I was reading the Seattle Times. Peg was eating breakfast. The phone rang. It was our friend Dennis Flannigan inviting us to join him for lunch. Peg couldn’t make it but I said yes and asked, “Where and when.” Denny answered, “Tibbitts at 11:45.” I replied, “Tibbitts at Fern Hill? Why?” I knew Tibbitts, but I was surprised Denny knew about the restaurant because Denny now lives in Seattle and the restaurant is located on Park Avenue in the South end of Tacoma. It turns out he had seen a review and wanted to try it out. I warned him, “It’s snowing here in Tacoma.”
Traffic from Tacoma’s west end was a little slow due to the snow that was still falling, but the roads down from Seattle were clear. I walked in.
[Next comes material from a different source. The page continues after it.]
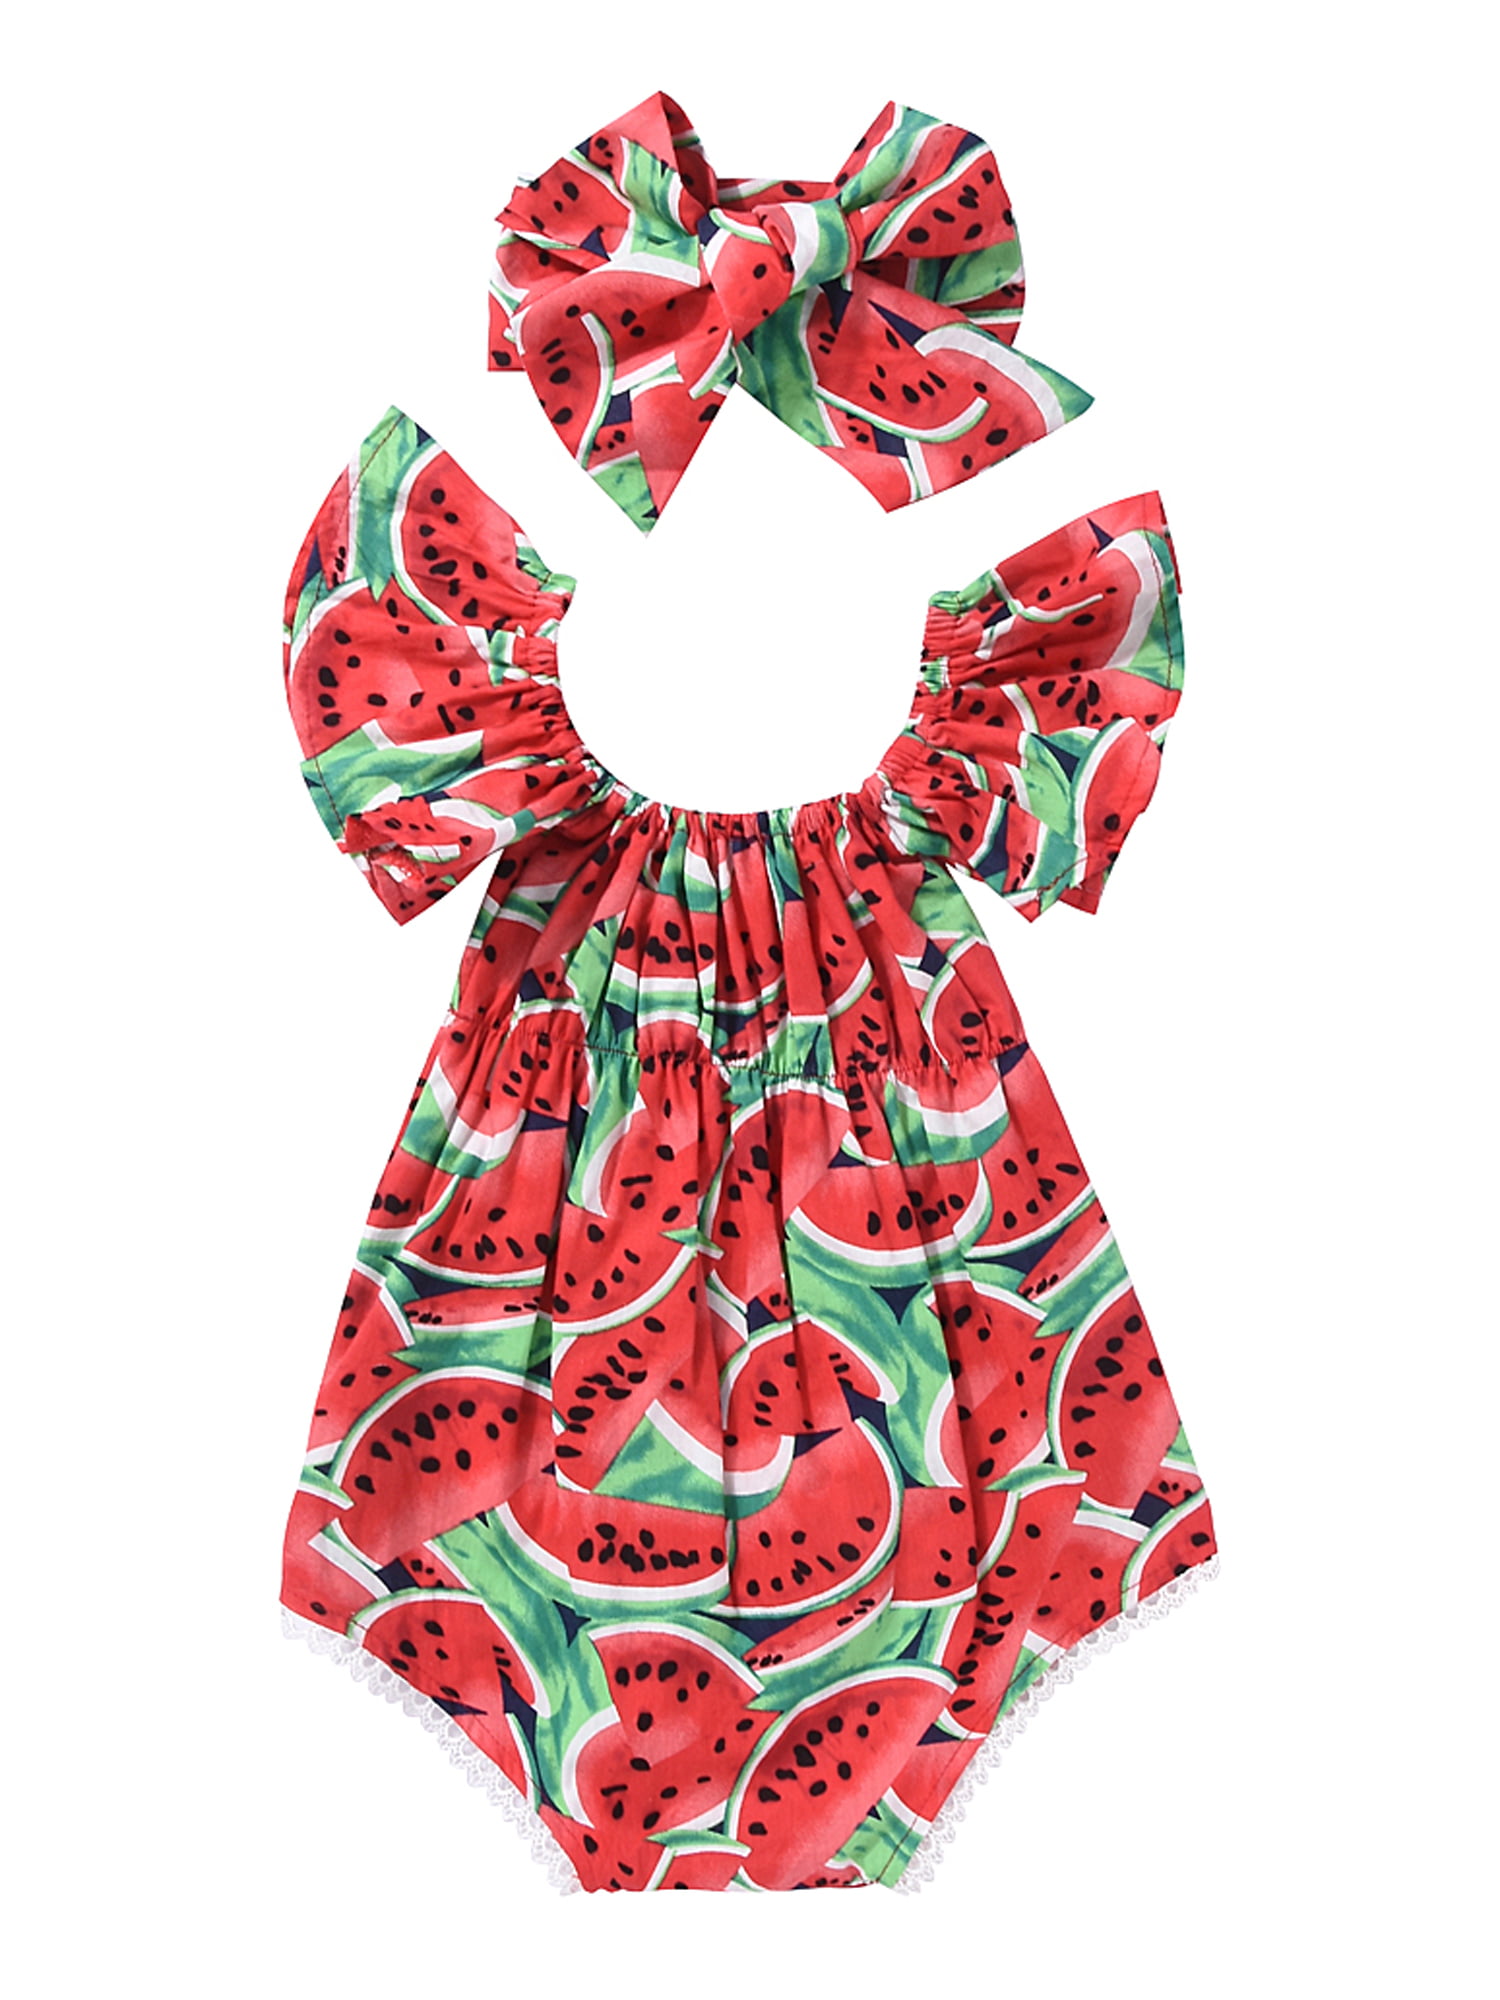 Cute newborn baby girls romper watermelon clothes jumpsuit 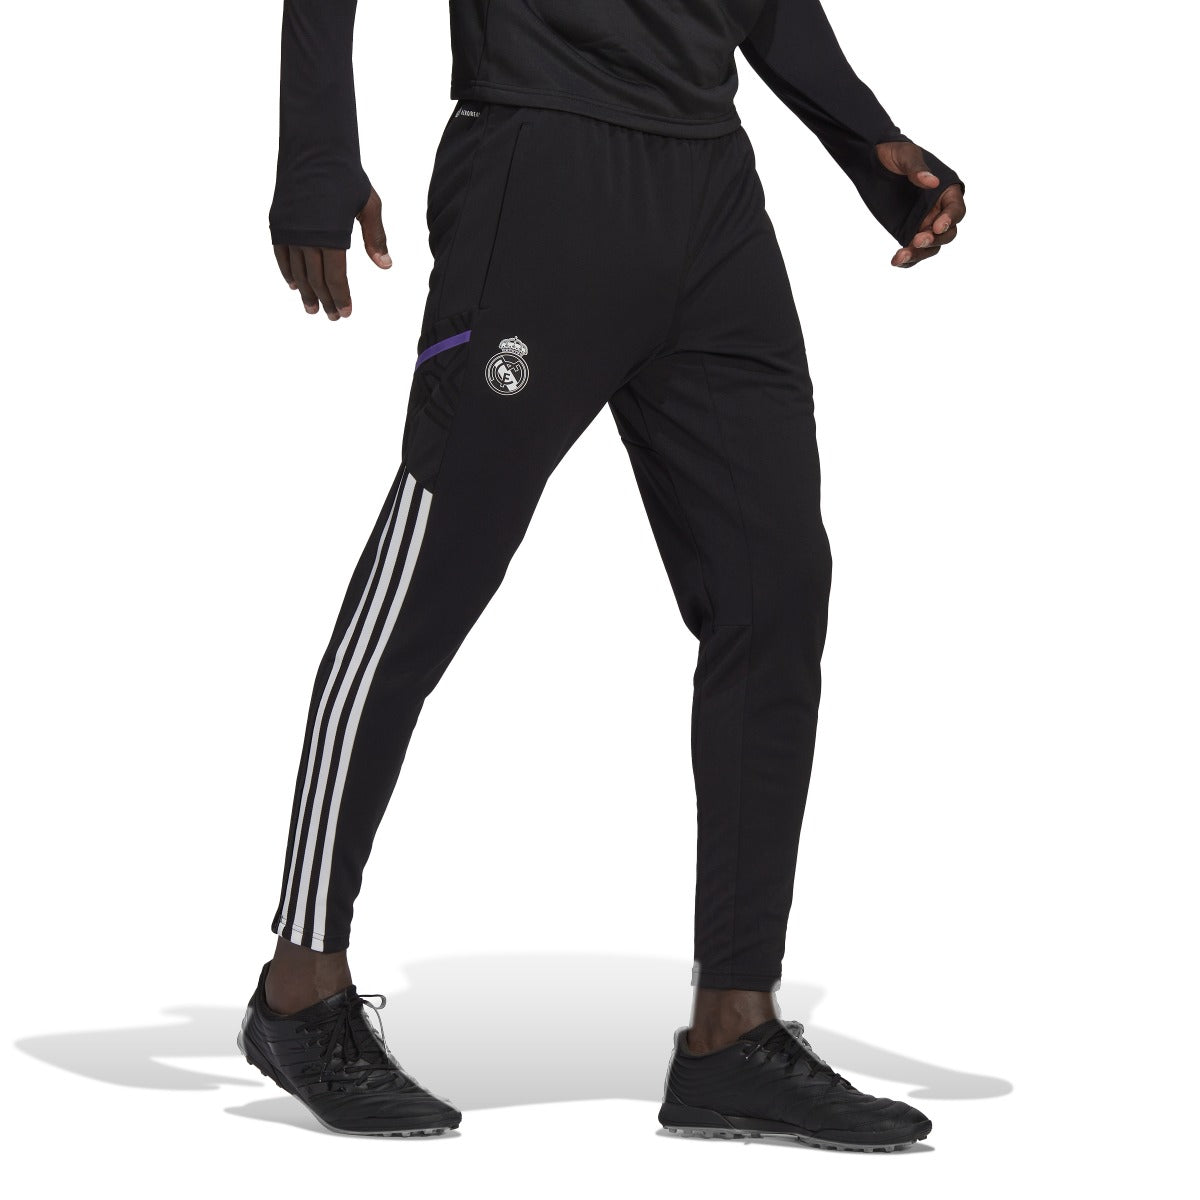 Real Madrid Condivo 2022/2023 training pants - Black/White/Purple

All the tables were completely full. There was one empty seat at Denny’s table. Soon I had a water glass filled with ice, nicely cut up cubes of cucumber and cold water. Very refreshing. It was like a Pimm’s Cup without the gin.
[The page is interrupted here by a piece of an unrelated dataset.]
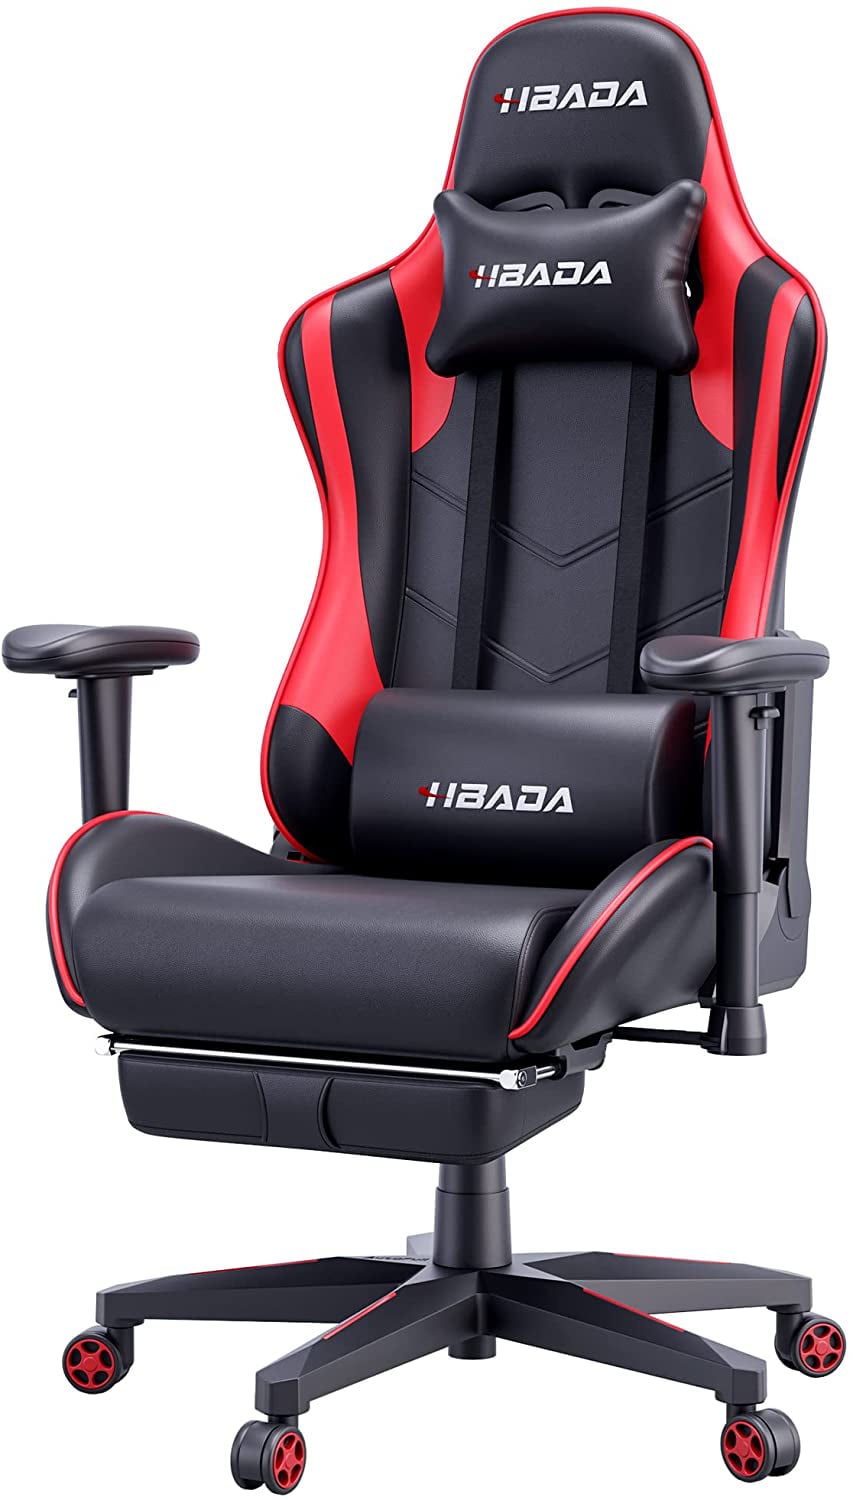 Race Car Style Gaming Office Chair Swivel Chair w/ Adjustable Armrest BK 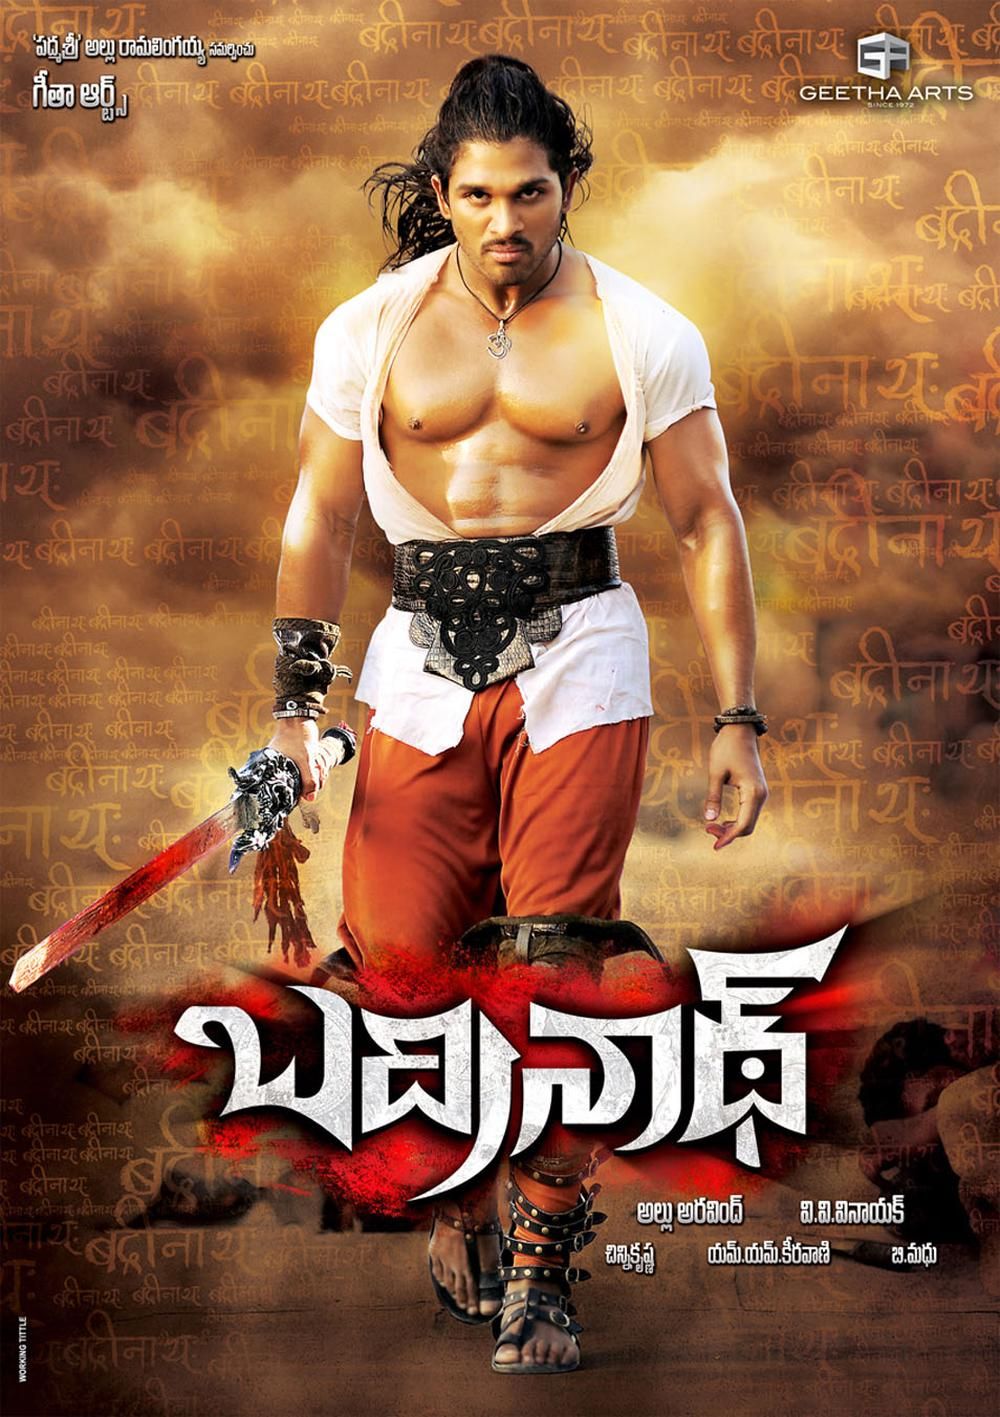 Badrinath (2011) Hindi Dubbed BluRay download full movie

We talked about the accolades and awards that Chef Shawn Tibbitts and his restaurant had earned:
- Best Chef 2018 and Best New Restaurant 2018 – South Sound Magazine
- One of 24 ‘Essential Tacoma Restaurants’ – Seattle.Eaters.com
- Rated #1 Farm to Table Restaurant in Tacoma – Yelp
- Featured as a guest host and cook-off contestant at the 2018 Taste of Tacoma
Soon Denny was chowing down on the Banana Pancakes with cocoa powder, chocolate sauce, orange and lime zest, and whipped cream. I figure he probably ordered that because he was by himself without his wife, Jayasri who might have steered him to something else. But not to worry. Tibbitts at Fern Hill is always a little over the top.
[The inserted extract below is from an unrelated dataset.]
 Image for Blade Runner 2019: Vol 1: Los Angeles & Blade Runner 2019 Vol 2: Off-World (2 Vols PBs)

Next came my Lobster Bomb – Champagne soaked lobster, avocado, Yukon Gold potatoes, sherried fennel scrambled eggs, candied bacon, all topped with lemony hollandaise and an assortment of local greens. Shawn has teamed up with local farmers to bring fresh ingredients directly from their farms to his restaurant. The greens are cute and tasty. I would have asked for a couple of lemon wedges for the lobster chunks, but I like to see how the chef wants his food to be eaten. I was a little disappointed, but not with the lobster. From the menu on the website I was prepared for Chef Shawn’s clam chowder. Oh, well, I’ll eat substituted lobster any day of the week.